◆ The problem:
Your task is to quote the records from their first line through the line containing "Restaurante especializado en", with nothing added or left out.

◆ Data records:
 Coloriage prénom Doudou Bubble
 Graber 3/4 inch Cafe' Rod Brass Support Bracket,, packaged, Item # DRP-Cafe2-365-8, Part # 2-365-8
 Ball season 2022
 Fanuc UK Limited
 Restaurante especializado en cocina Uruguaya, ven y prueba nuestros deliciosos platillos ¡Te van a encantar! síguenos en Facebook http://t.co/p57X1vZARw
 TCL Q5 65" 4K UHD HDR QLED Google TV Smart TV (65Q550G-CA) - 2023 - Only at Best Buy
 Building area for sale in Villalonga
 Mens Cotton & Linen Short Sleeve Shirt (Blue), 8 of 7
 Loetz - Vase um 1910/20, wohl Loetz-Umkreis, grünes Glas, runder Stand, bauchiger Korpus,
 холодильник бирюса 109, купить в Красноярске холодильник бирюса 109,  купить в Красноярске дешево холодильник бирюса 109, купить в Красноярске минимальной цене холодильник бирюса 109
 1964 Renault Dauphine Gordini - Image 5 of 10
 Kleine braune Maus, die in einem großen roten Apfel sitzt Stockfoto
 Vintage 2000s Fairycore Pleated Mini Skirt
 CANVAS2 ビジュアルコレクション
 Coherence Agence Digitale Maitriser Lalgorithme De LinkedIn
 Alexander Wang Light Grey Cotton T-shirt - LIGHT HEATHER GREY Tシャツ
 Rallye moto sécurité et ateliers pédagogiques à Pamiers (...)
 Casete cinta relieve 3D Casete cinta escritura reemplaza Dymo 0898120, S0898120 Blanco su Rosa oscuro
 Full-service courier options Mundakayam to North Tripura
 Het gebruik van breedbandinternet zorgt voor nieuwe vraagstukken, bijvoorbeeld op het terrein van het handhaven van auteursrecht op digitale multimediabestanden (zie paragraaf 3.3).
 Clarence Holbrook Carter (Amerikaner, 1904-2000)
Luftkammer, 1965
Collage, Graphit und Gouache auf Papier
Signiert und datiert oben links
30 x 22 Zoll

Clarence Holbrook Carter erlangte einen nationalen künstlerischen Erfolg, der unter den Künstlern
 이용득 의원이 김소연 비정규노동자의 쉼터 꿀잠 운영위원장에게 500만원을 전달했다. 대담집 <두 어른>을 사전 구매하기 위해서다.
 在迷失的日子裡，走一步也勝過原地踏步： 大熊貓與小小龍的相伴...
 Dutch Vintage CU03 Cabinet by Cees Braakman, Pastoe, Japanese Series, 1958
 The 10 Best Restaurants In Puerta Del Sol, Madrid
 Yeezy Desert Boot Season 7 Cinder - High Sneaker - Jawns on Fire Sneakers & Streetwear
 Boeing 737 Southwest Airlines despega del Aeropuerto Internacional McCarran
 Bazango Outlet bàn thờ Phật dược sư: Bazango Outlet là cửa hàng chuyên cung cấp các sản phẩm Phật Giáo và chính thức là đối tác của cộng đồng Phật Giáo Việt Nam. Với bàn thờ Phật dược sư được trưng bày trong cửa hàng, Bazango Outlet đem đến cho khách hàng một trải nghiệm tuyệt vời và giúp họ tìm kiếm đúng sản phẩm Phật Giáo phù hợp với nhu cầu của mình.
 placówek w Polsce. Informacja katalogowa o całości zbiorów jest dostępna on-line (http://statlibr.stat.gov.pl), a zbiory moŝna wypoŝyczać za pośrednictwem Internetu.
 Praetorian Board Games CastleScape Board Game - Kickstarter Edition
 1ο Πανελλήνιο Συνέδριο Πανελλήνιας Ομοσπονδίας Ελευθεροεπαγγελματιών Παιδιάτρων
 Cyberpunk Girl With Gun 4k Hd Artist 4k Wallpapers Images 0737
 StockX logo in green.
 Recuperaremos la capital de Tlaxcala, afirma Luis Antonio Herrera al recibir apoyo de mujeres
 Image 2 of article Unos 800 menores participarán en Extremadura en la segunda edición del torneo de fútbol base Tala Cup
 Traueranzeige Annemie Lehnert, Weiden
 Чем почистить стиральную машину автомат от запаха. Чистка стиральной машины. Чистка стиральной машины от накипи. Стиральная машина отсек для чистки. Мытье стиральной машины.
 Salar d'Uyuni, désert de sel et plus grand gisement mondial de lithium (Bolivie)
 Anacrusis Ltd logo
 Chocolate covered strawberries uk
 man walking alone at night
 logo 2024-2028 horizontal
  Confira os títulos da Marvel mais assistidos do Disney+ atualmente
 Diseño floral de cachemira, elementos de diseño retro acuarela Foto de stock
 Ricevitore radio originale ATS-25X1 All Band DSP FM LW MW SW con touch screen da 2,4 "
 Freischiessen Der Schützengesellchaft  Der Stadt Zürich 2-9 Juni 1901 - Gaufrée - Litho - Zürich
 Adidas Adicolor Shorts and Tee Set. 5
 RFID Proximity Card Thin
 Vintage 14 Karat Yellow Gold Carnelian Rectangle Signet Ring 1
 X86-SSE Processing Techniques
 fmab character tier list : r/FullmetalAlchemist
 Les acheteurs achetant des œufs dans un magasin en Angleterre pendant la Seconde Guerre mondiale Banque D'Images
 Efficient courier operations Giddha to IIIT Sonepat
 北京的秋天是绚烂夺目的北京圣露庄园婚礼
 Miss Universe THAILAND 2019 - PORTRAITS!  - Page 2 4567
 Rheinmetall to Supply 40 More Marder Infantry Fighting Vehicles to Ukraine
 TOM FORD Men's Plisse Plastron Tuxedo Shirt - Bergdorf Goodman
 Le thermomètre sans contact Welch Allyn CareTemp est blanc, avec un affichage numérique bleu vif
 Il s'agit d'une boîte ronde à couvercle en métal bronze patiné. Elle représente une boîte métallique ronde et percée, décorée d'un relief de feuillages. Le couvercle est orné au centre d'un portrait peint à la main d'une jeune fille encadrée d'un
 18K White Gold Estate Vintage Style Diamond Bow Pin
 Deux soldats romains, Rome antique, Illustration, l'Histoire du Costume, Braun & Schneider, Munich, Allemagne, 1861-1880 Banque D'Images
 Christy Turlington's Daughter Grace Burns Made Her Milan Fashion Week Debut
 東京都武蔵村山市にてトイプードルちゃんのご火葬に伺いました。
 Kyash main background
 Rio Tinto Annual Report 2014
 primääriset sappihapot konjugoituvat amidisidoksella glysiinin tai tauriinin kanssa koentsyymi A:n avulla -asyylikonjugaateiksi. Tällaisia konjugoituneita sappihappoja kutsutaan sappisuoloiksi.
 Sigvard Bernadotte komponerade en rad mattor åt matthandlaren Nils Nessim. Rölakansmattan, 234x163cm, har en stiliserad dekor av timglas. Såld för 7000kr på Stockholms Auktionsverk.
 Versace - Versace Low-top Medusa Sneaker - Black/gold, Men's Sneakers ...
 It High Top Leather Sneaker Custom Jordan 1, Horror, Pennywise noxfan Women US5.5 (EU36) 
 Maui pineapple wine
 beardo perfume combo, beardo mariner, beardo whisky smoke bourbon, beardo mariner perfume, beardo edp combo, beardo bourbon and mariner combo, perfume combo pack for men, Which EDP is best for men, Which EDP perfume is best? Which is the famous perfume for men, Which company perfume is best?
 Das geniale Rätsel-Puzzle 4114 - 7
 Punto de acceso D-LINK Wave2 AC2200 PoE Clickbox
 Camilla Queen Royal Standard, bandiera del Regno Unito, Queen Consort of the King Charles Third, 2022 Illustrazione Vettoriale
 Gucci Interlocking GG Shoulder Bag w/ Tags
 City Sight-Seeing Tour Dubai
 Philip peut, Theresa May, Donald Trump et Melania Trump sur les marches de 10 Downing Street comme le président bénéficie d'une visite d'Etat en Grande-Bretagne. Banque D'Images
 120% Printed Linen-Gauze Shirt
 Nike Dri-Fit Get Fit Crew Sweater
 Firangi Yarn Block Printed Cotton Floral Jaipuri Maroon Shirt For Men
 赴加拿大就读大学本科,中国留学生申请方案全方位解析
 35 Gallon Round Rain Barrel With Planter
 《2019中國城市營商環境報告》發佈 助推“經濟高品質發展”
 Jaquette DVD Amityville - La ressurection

◆ Written solution:
 Coloriage prénom Doudou Bubble
 Graber 3/4 inch Cafe' Rod Brass Support Bracket,, packaged, Item # DRP-Cafe2-365-8, Part # 2-365-8
 Ball season 2022
 Fanuc UK Limited
 Restaurante especializado en cocina Uruguaya, ven y prueba nuestros deliciosos platillos ¡Te van a encantar! síguenos en Facebook http://t.co/p57X1vZARw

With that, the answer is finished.